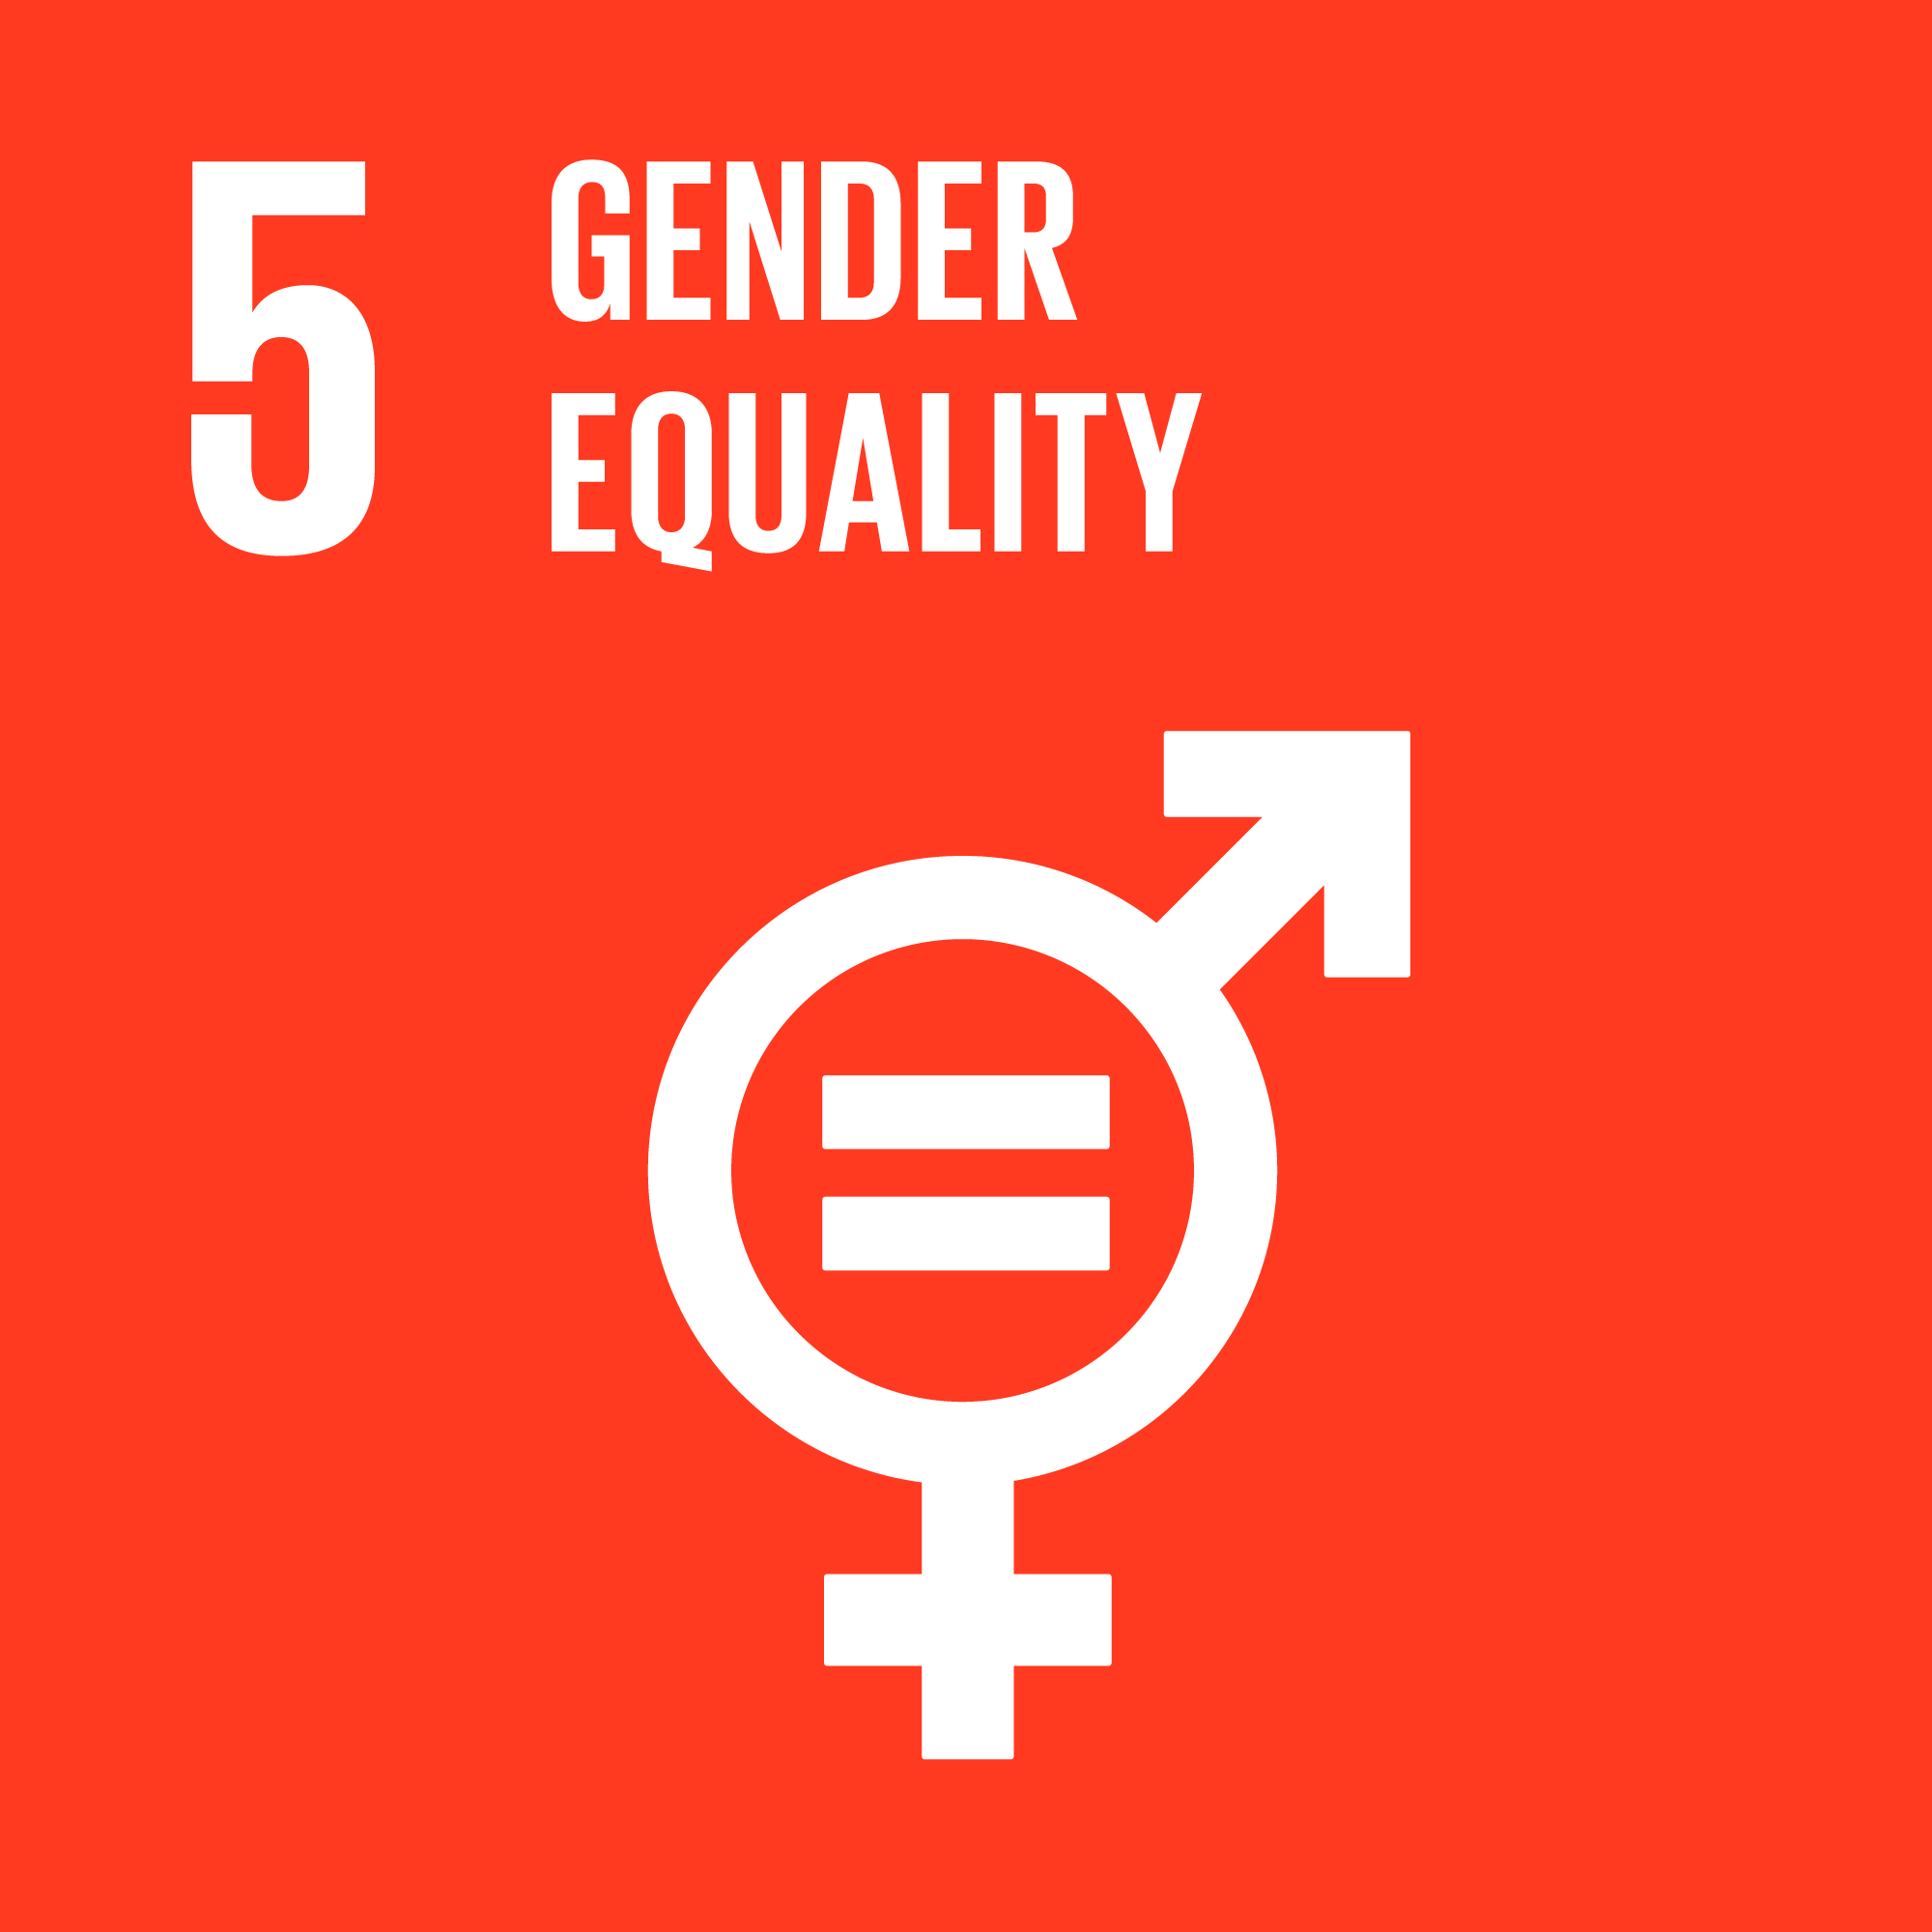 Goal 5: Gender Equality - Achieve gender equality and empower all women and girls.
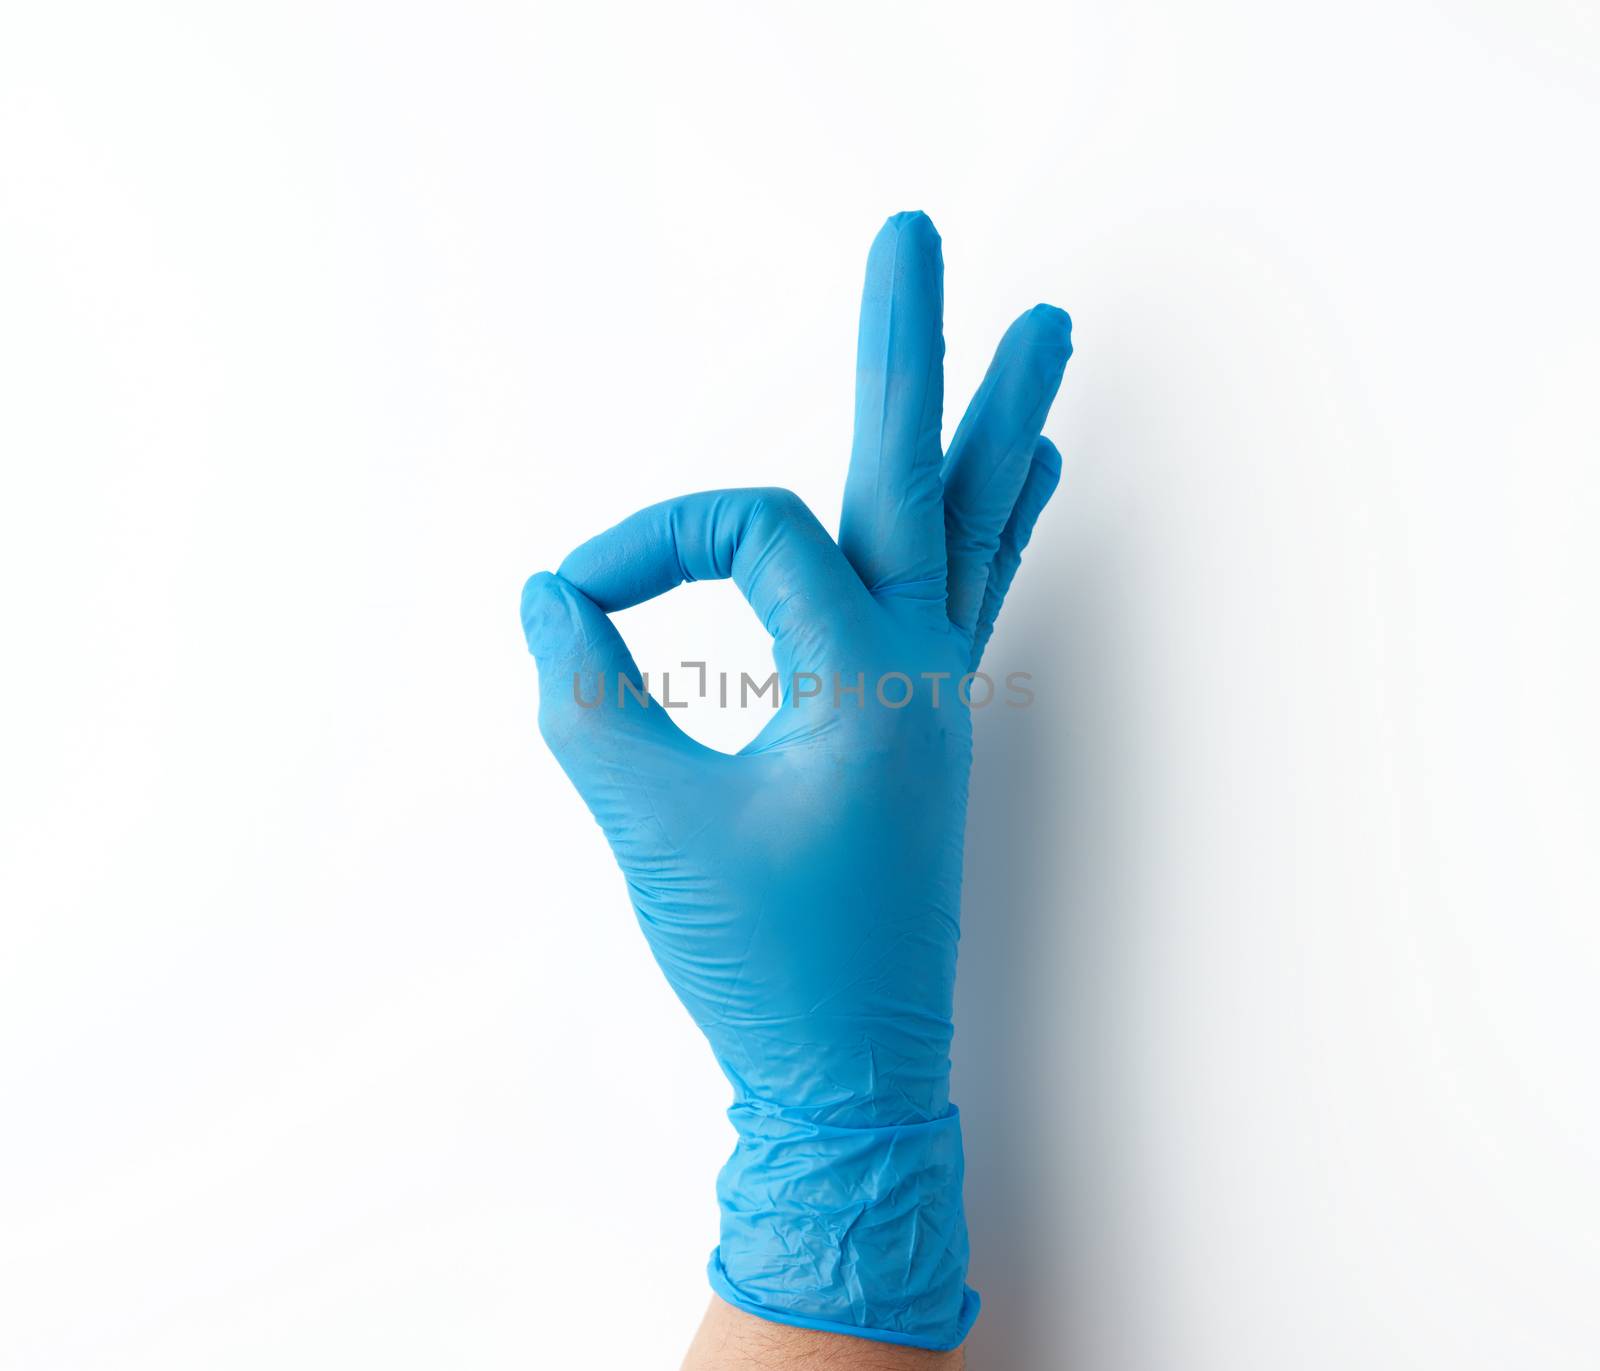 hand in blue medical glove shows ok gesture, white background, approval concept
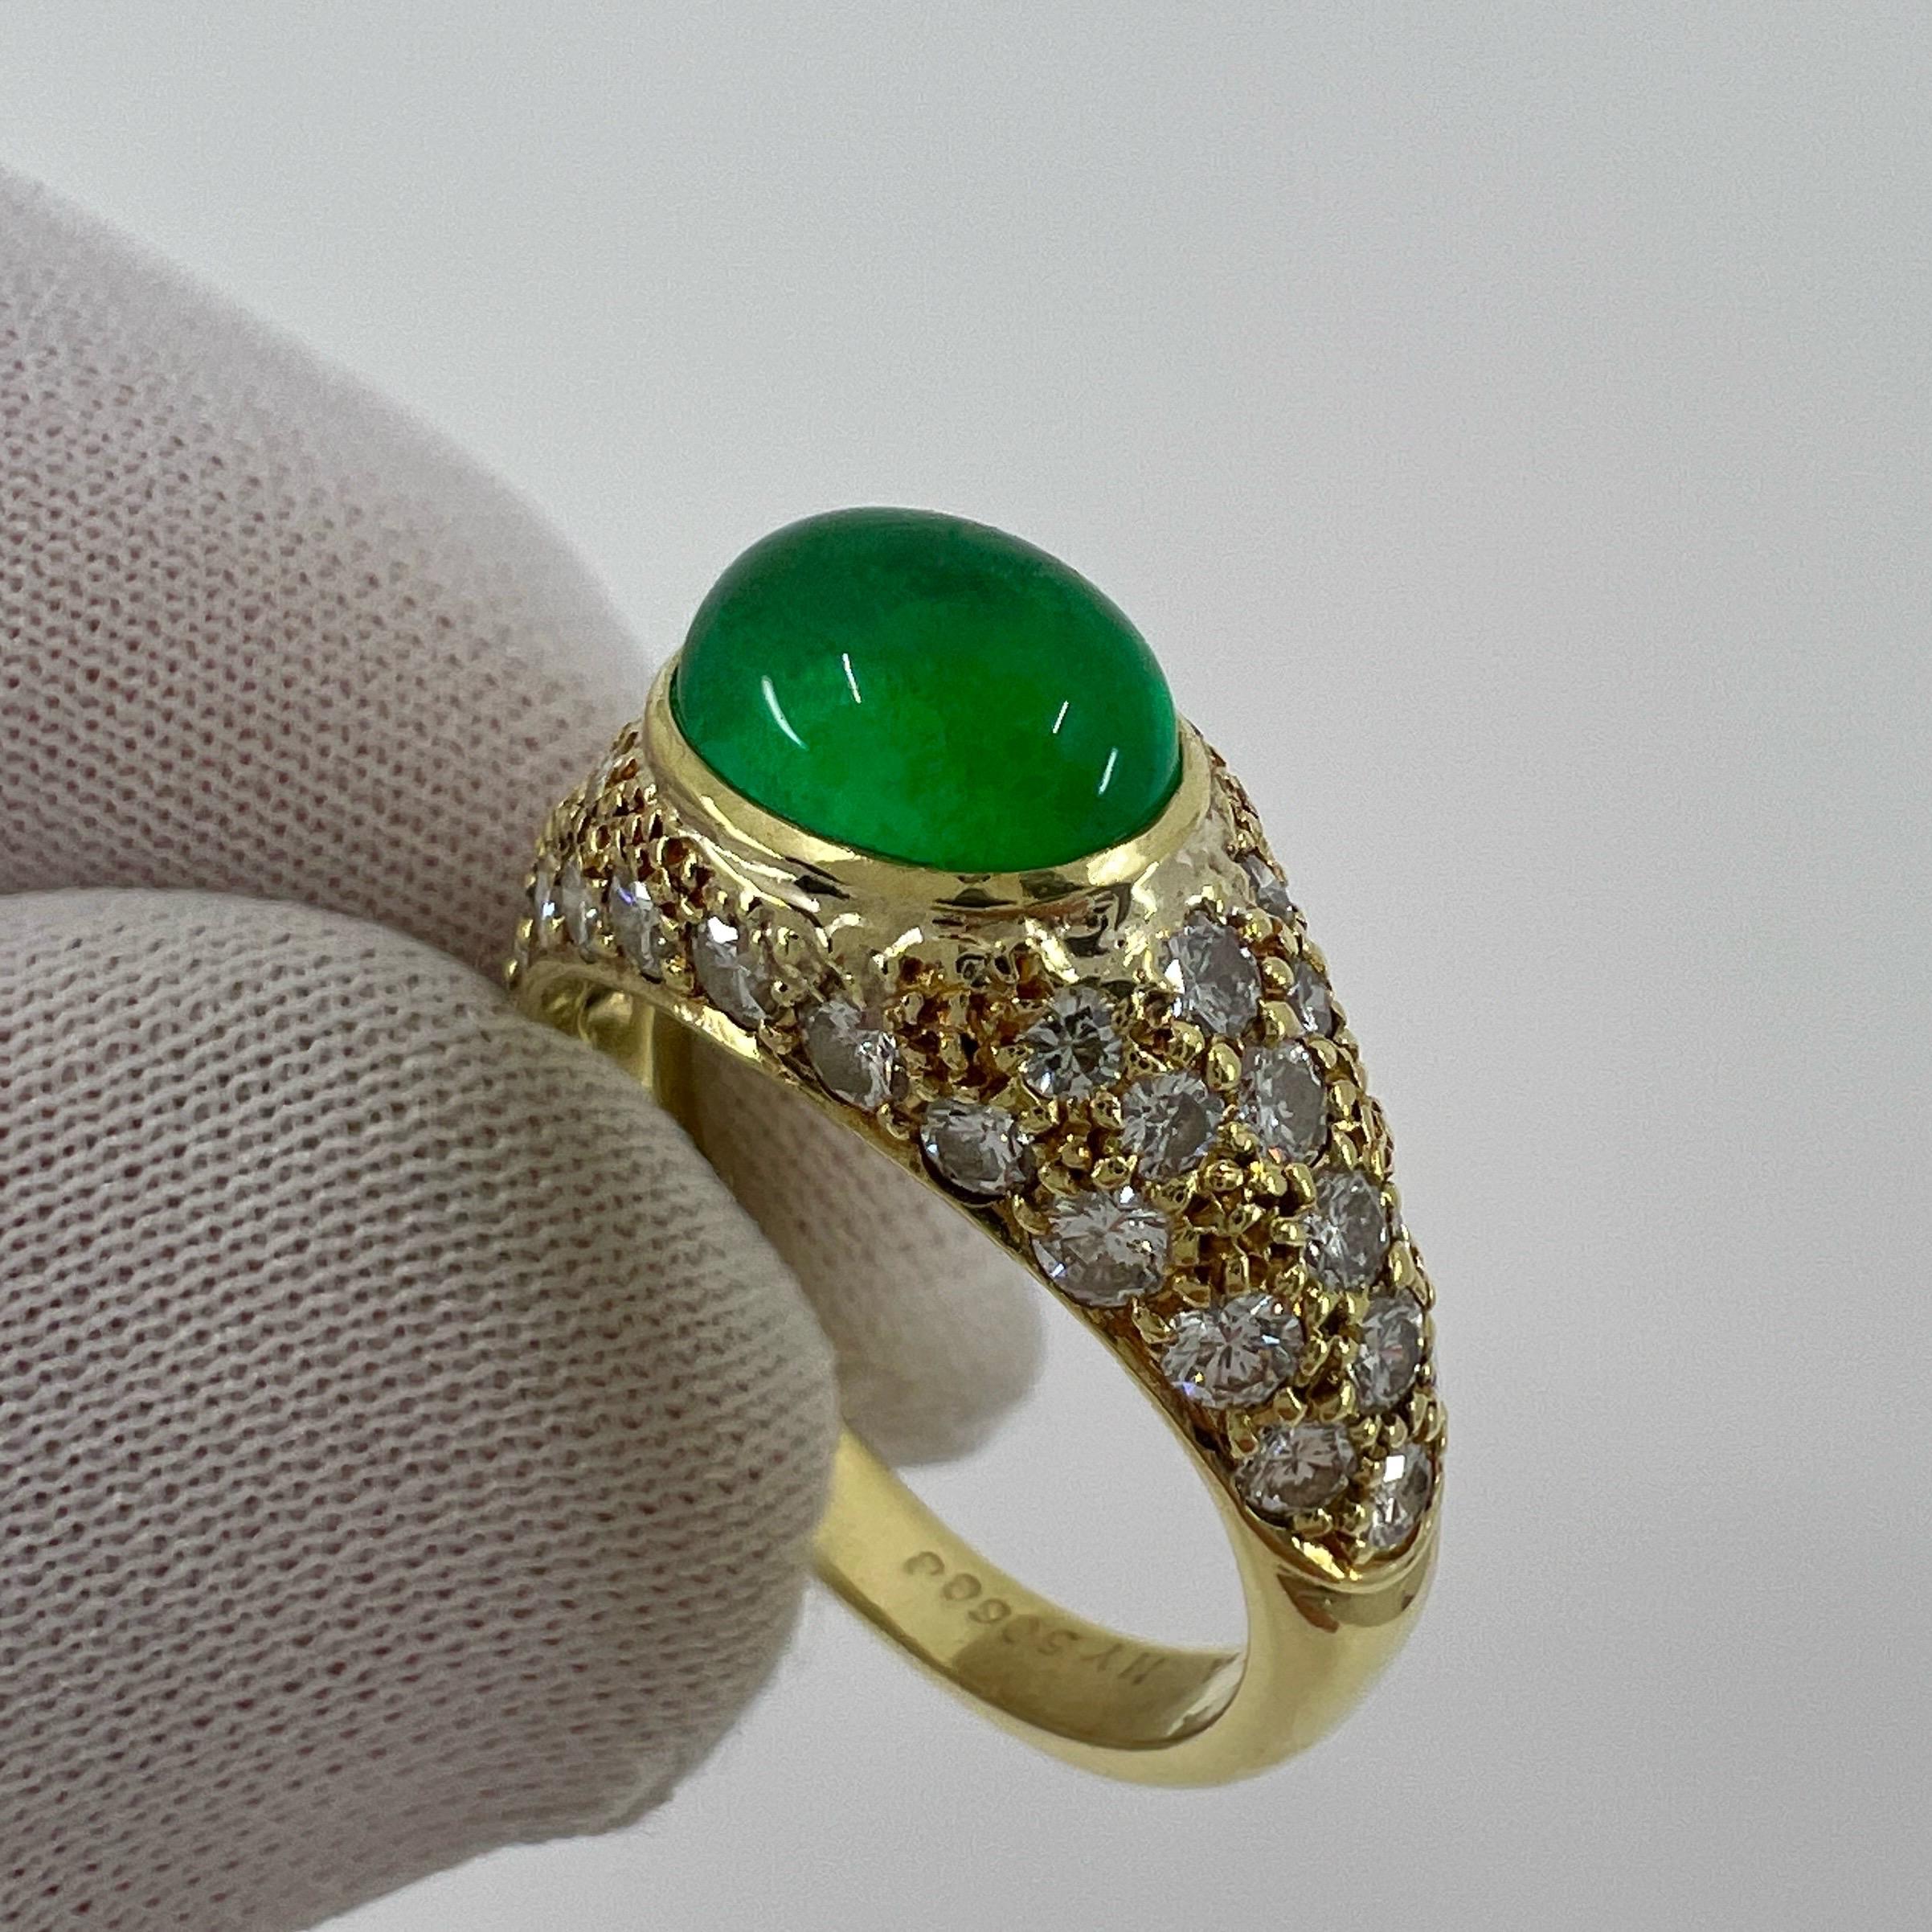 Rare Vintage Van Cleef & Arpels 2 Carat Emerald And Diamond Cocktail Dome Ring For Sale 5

======

● Task item:
What you give back must be the data above, reproduced exactly and free of pictures.

● Task solution:
 Goal 5: Gender Equality - Achieve gender equality and empower all women and girls.
 hand in blue medical glove shows ok gesture, white background, approval concept
 Rare Vintage Van Cleef & Arpels 2 Carat Emerald And Diamond Cocktail Dome Ring For Sale 5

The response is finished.